The fine dining focus has shifted elsewhere in the city, to Manchester House and The French, so it makes sense to go more casual, adopting the sharing small plate ethos. Of course, that will be the norm across the numerous chains set to populate the Corn Exchange, visible from the 2nd Floor’s panoramic windows. So what sets the new menu here apart?
Well, Horsfield’s playfulness combined with an attention to detail – and, of course, the quality of raw materials, evidenced by an extensive tasting of the small plates (alternatively there are still roasts, grills from the Josper and Harvey Nichols Classics on the menu for diehards). Here s a link to the Menu.
We shared 13 dishes which, at an average of £7 a plate, comes out quite pricey, but half that number plus a a trio of puddings, at a fiver each, would hit the spot for most of us. Tapas by any other name and 'globally-influenced', so without the self-confident national focus of somewhere like Iberica. But there are some lovely dishes and lots more in the pipeline as the store gives the chef his head. This may be a blueprint for the entire range of Harvey Nichols restaurants. So no pressure there then, Matthew.
'Globally influenced', there are some divine hoi sin duck buns and a Levantine treatment for lamb chops with labneh, baba ganoush and yoghurt, and even the crab toasties were enlivened with ginger, chilli and garlic. The kitchen is proud of its superb sourdough bread, so the veggie alternative was a blander bruschetta with avocado, broad beans and runny quail’s eggs.
There’s apparently a ceviche in the development stage; for the moment fish lovers should look no further than the tuna carpaccio with the citric punch of a ponzu dressing and radish pepperiness. Haddock goujons with crushed peas and tartare sauce paled in comparison. In-house hot-smoked salmon was much better, partnered well by another sharp North African sauce, chermoula. There is a theme developing here.
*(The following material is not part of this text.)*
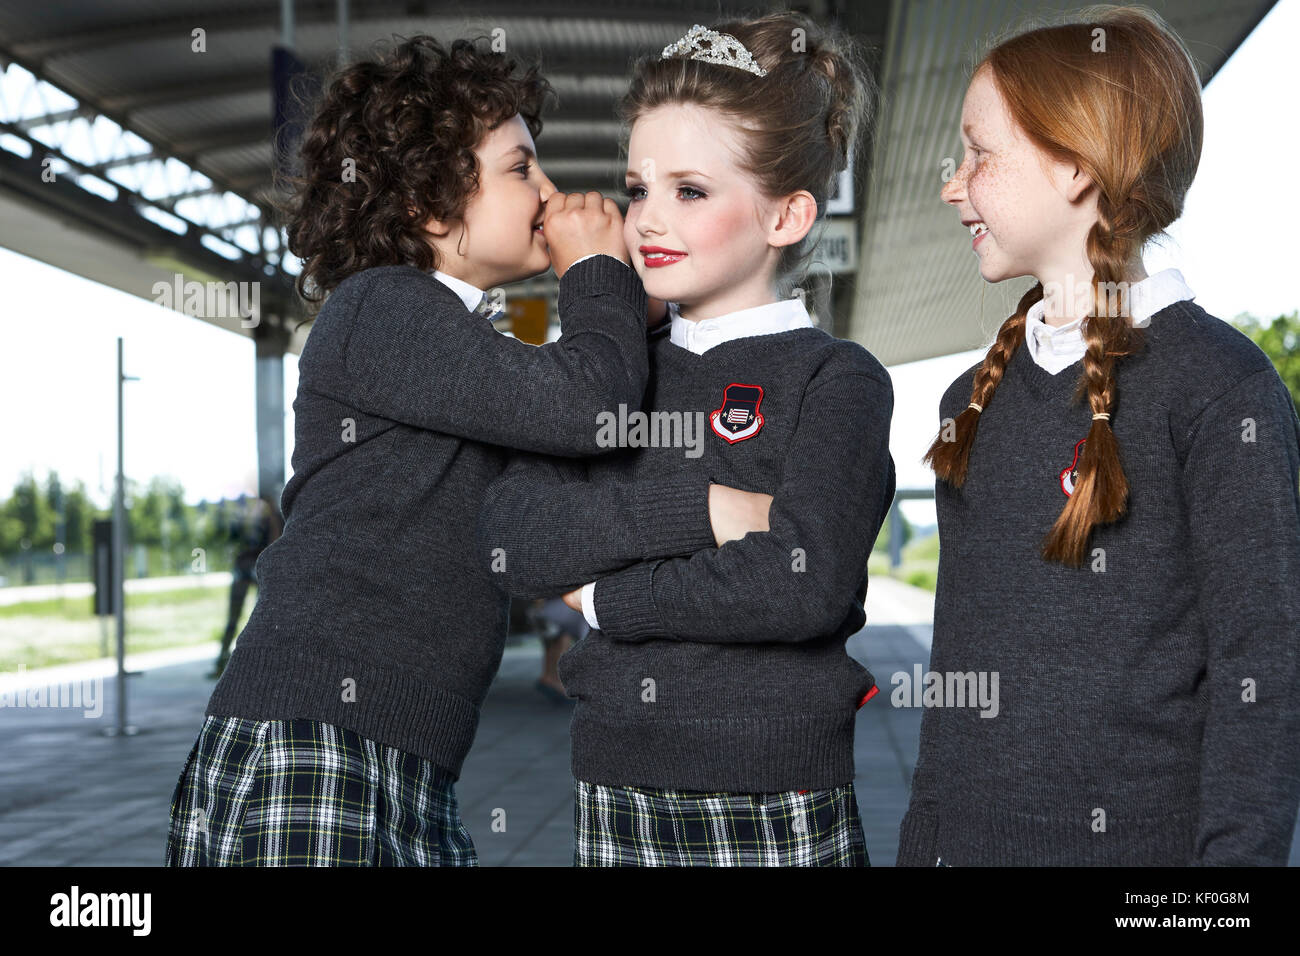 Three girls at platform wearing school uniform Stock Photo

Quite off piste, though, was a superfood plate which combined among other things smoked tofu, grains, pomegranate, heritage tomatoes and very pretty flowers (that’s why it has made my main picture).
Horsfield is a flat iron steak enthusiast and a piercing chimichurri sauce certainly lifts a cut I’m less enamoured of. Not a patch on the pink intensity of the lamb (above). That is a beautiful dish.
A glorious strawberry and rhubarb cheesecake (£5) was pick of the desserts, where tiramisu in a mini-kilner jar didn’t live up to expectations. Mind you, a matching of raspberries and basil ice cream far exceeded them.
You can’t really go wrong sticking with Harvey Nichols’ own house wines (the Marlborough Sauvignon Blanc is a beautifully balanced example that restores one’s faith in the Kiwi staple), but it is worth exploring the affordable reaches of the entire list. There are some fascinating tastes beyond what you might expect.
The same is true of the new menu, most of which works a treat. There’s a big place in our heart for formal service and lavish mains, but was Harvey Nichols with its sleek, modern lines and inviting meeting place bar ever quite the place for that gig? The new direction seems to suit it better. Just, Matthew, don’t rest on your laurels. Keep refreshing the small plate menu. More superfood plate boldness! Small is beautiful but, as with standard tapas, can soon become over-familiar.